> [Problem description]
A verbatim copy of the data is wanted, minus any picture in it.

> [Source data]
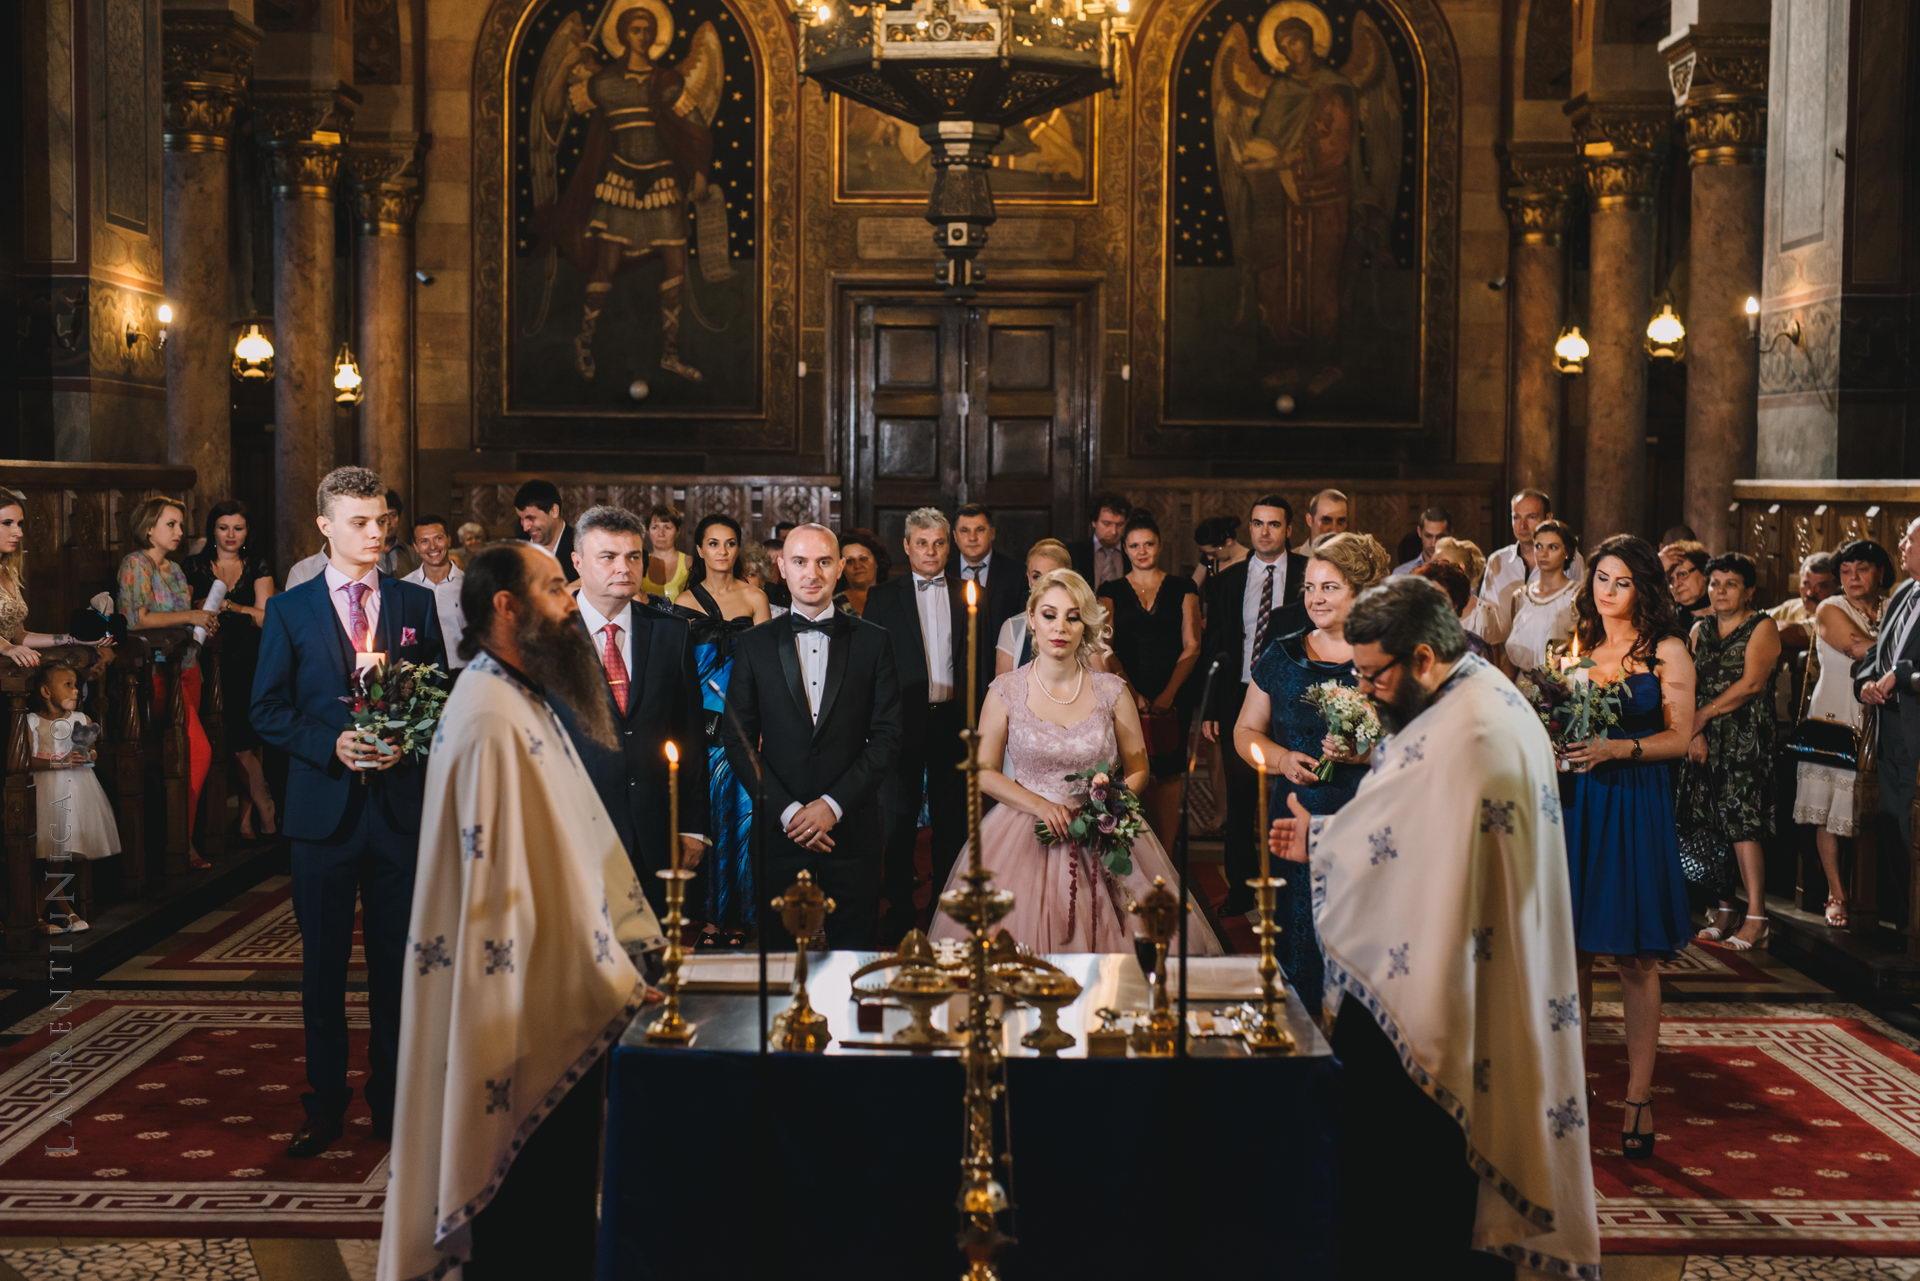 lavinia si adi fotograf laurentiu nica craiova 043 - Lavinia & Adi | Fotografii nunta
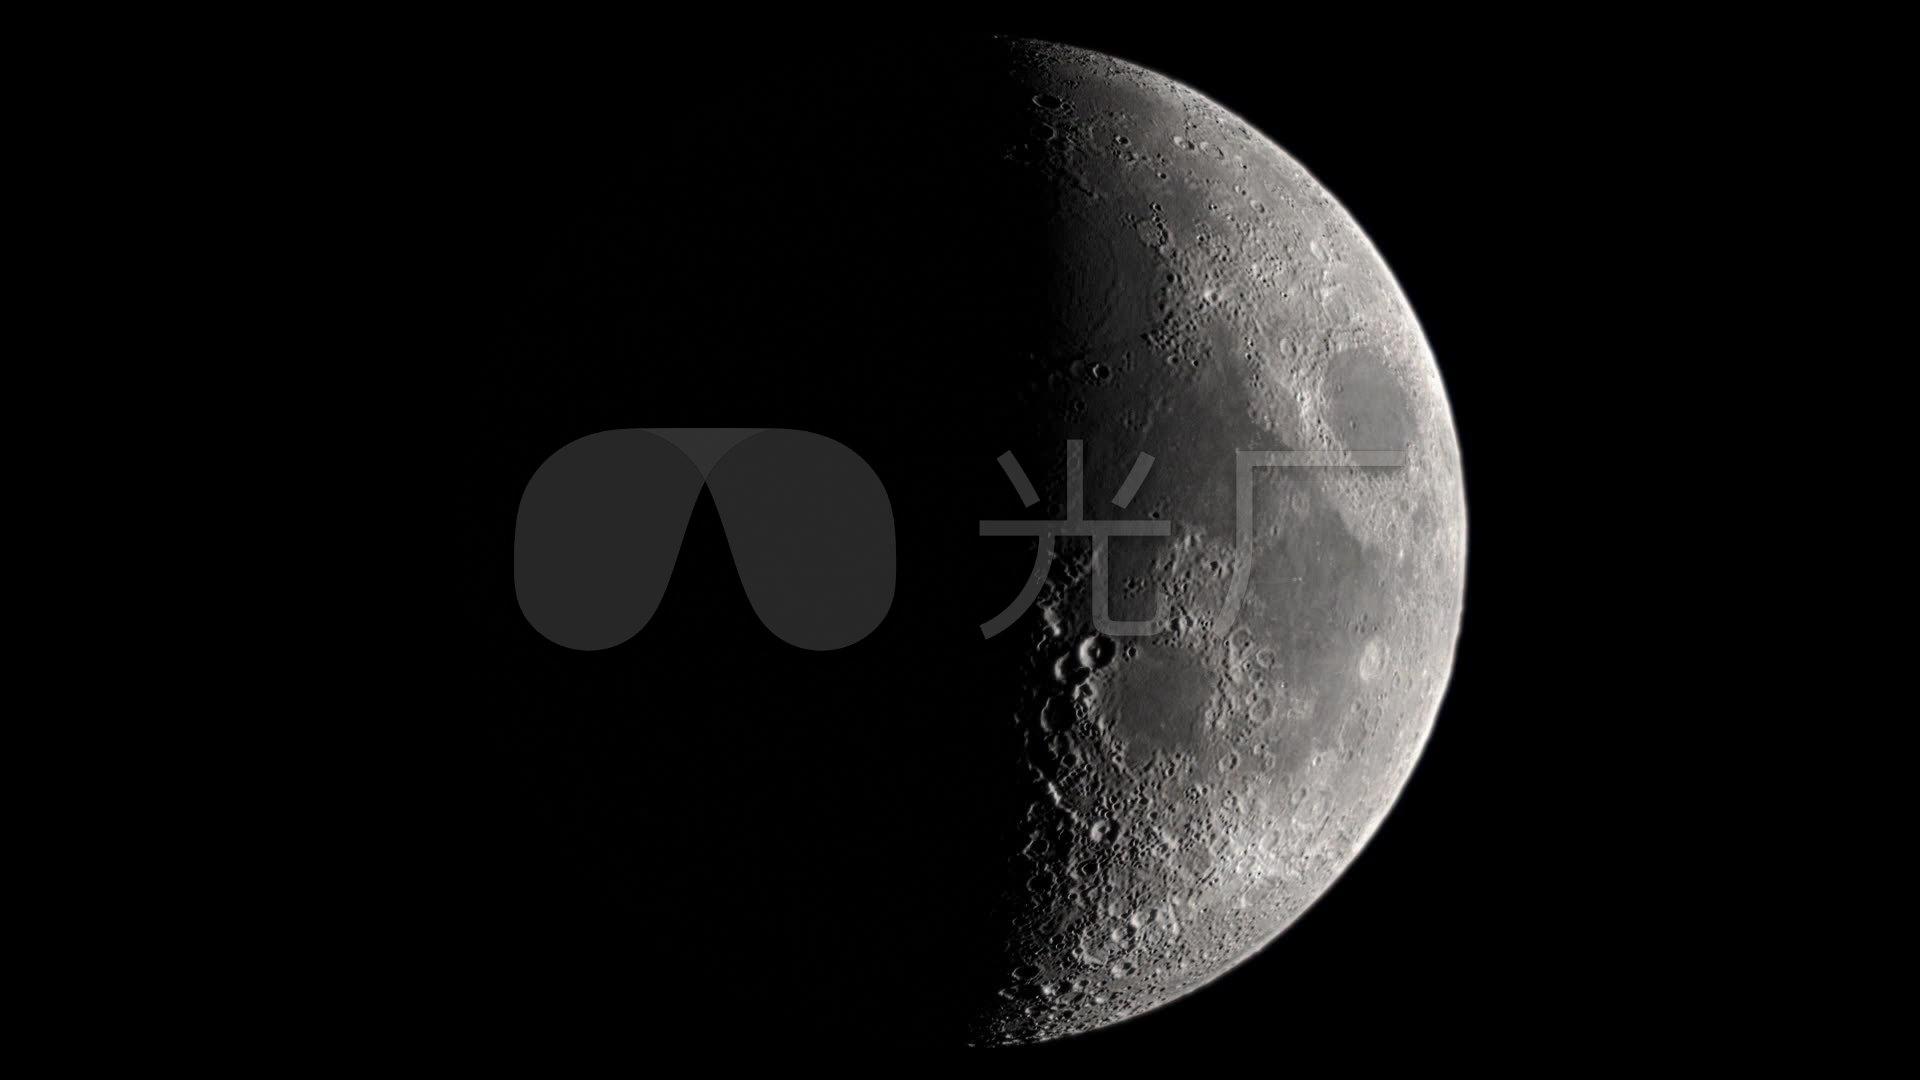 月球圆缺高清视频素材
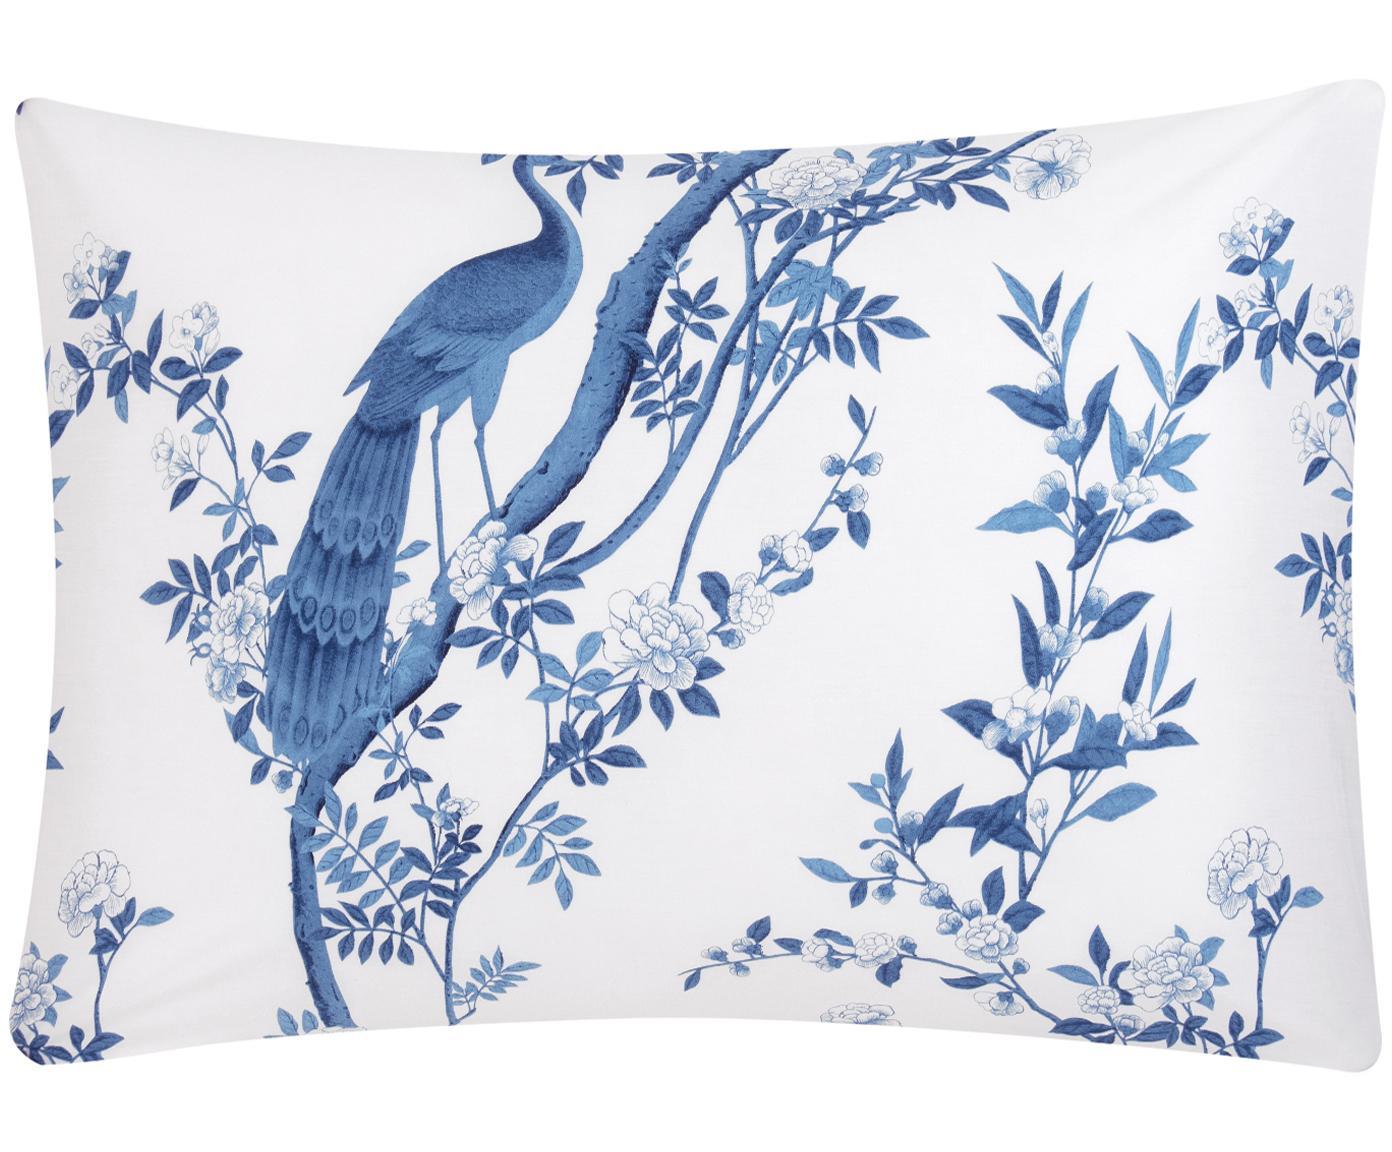 Funda de almohada de percal Annabelle, Blanco, azul, An 50 x L 70 cm

> [Solution to the exercise]
 lavinia si adi fotograf laurentiu nica craiova 043 - Lavinia & Adi | Fotografii nunta
 月球圆缺高清视频素材
 Funda de almohada de percal Annabelle, Blanco, azul, An 50 x L 70 cm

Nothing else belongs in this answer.